Planes, trains and automobiles

That movie was kind of funny, wasn't it? Even though it made Wichita look like podunk rural redneck-ville, which it's not, really.

So far we've learned that Daniel does well in cars and airplanes, and tomorrow we'll find out how he likes train-travel. He seems optimistic:

What's in Glasgow, you ask? Well, not much, I'm afraid. Stuart's grandparents live there, which is the reason for the trip. As his grandpa says, Glasgow isn't the end of the earth, but you can see it from there. We'll be spending our time visiting with Stuart's parents, who have driven there from Kansas, Stuart's brother and sister-in-law, who are flying from North Carolina, his grandparents, who live in a retirement home and are both over ninety years old, and his uncle, who lives on the family farm and drives a mail truck for a living.

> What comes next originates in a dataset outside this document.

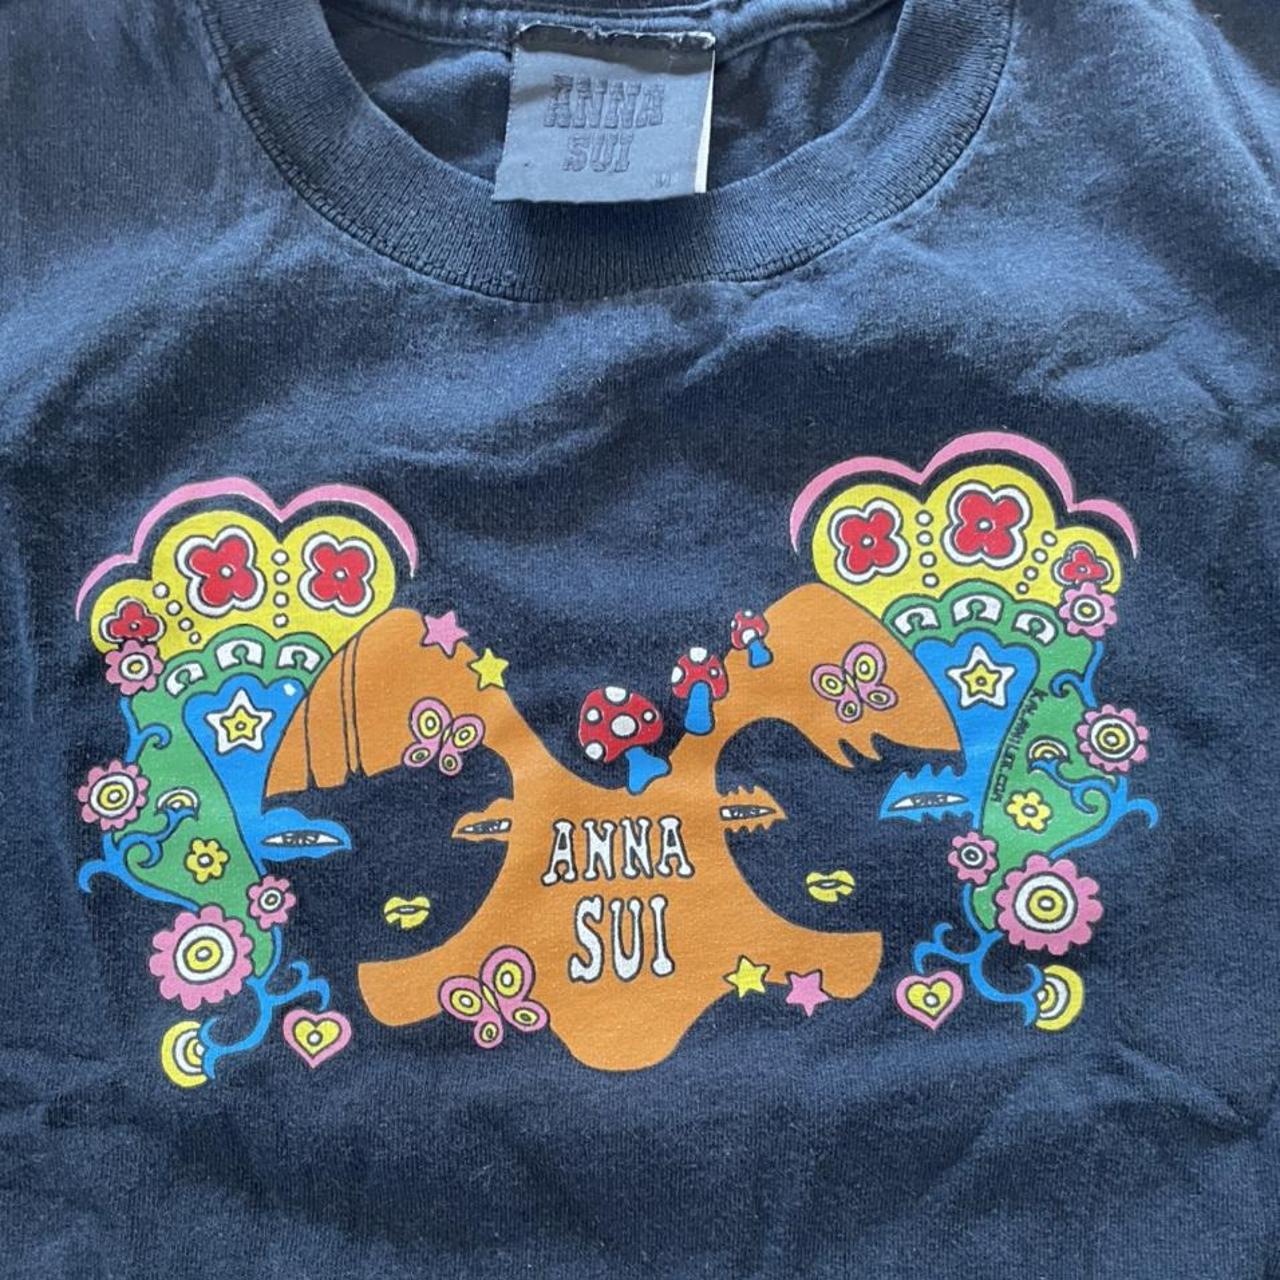 Anna Sui Women's T-shirt | Depop

The grandparents are meeting a couple members of the family for the first time: Daniel, and my sister-in-law, who has been married to Stuart's brother for about a year.

We made this trip three years ago, and stayed for a week. Therefore, I'm the expert on Things To Do For Fun In Glasgow, right? So next time you take a vacation to northeastern Montana, you can thank me for these tips:

1. See how many people we can cram into a small one-bedroom retirement apartment. Last time the most we had in there was eight. This time we could have as many as nine adults and a baby. Some of us might be sitting on each other's laps, and I'm not just talking about Daniel. (Don't worry. We're not sleeping there.)

2. Drink authentic Italian espresso at Glasgow's one and only coffee shop. Last time, Stuart and I asked for cappuccinos, and the guy said "You mean the real Italian kind, or the kind like you get in the gas station?" Evidently, there are people who prefer the latter. This shop knows the difference and brews a pretty good cup, as I recall.

3. Get blitzed for five bucks. Seriously. We went to a bar where the three of us (Stu, me, his brother) each had a couple beers and maybe even a weak mixed drink like rum-and-coke, and with the tip it was still less than twenty dollars.

4. Watch Daniel eat/smear/spit/squish-between-his-fingers his supper. Always messy. Always entertaining.

5. Drive around the countryside checking out the farm land, and, more notably, a variety of small, old buildings in disrepair. Broken-down shacks, if you will. They are of historical significance, though, as each of these buildings was once the farmhouse of a homesteader or a one-room schoolhouse serving whole communities of children K-8 (or was is K-12?). If you plan to step foot outside, even for a moment, cover yourself with mosquito repellent. In fact, you might be better off bathing in it.

6. Visit the Fort Peck Dam. It's a dam (yuk yuk) lot of concrete. Quite an impressive structure. Stu's grandpa helped build it in the 1930s.

7. Go shopping downtown! There's a Pamida and a decent quilt shop. If neither of those is to your taste...well, too bad.

8. Walk around the snow-mobiling trail and hope nobody picked that day to try out their new 4-wheeler.

9. Go to a park with a few frisbees and pretend it's a disc golf course.

10. Eat at the supper club and put some quarters into the electronic poker machine. Keep trying long enough, and eventually you'll win something, right?

Rest assured, there is internet in Glasgow, so I'll probably try and post once or twice while we're gone. Too bad we're leaving while my garden is so productive:

Bon voyage, us!


Jenn Hacker said…
Sounds like you get to return the favor to the neighbors who said you could partake of the fruits of their labor (bad joke) while they were gone. Now you get to tell them they can partake while you're gone.

Have fun, kiddo! And your boy is more beautiful each time I see him!
Suze said…
Good call, Jenn! I actually went over there last night with a bunch of tomatoes and told them to have at it this week.

Yeah, he's a cutie. Mother's bias!
Becca said…
Not just mother's bias--he's a cutie!

And the most mammals we had crammed into our 1 bedroom apartment several years ago was 9--six adults, a baby, and two cats. And all but two adults and the baby slept there.
Tooz said…
I hate Montana mosquitoes. Mom washed my face with a watermelon rind once when we were visiting the northwest, and I had over 30 bites on my face before I could get to water to wash the juice off.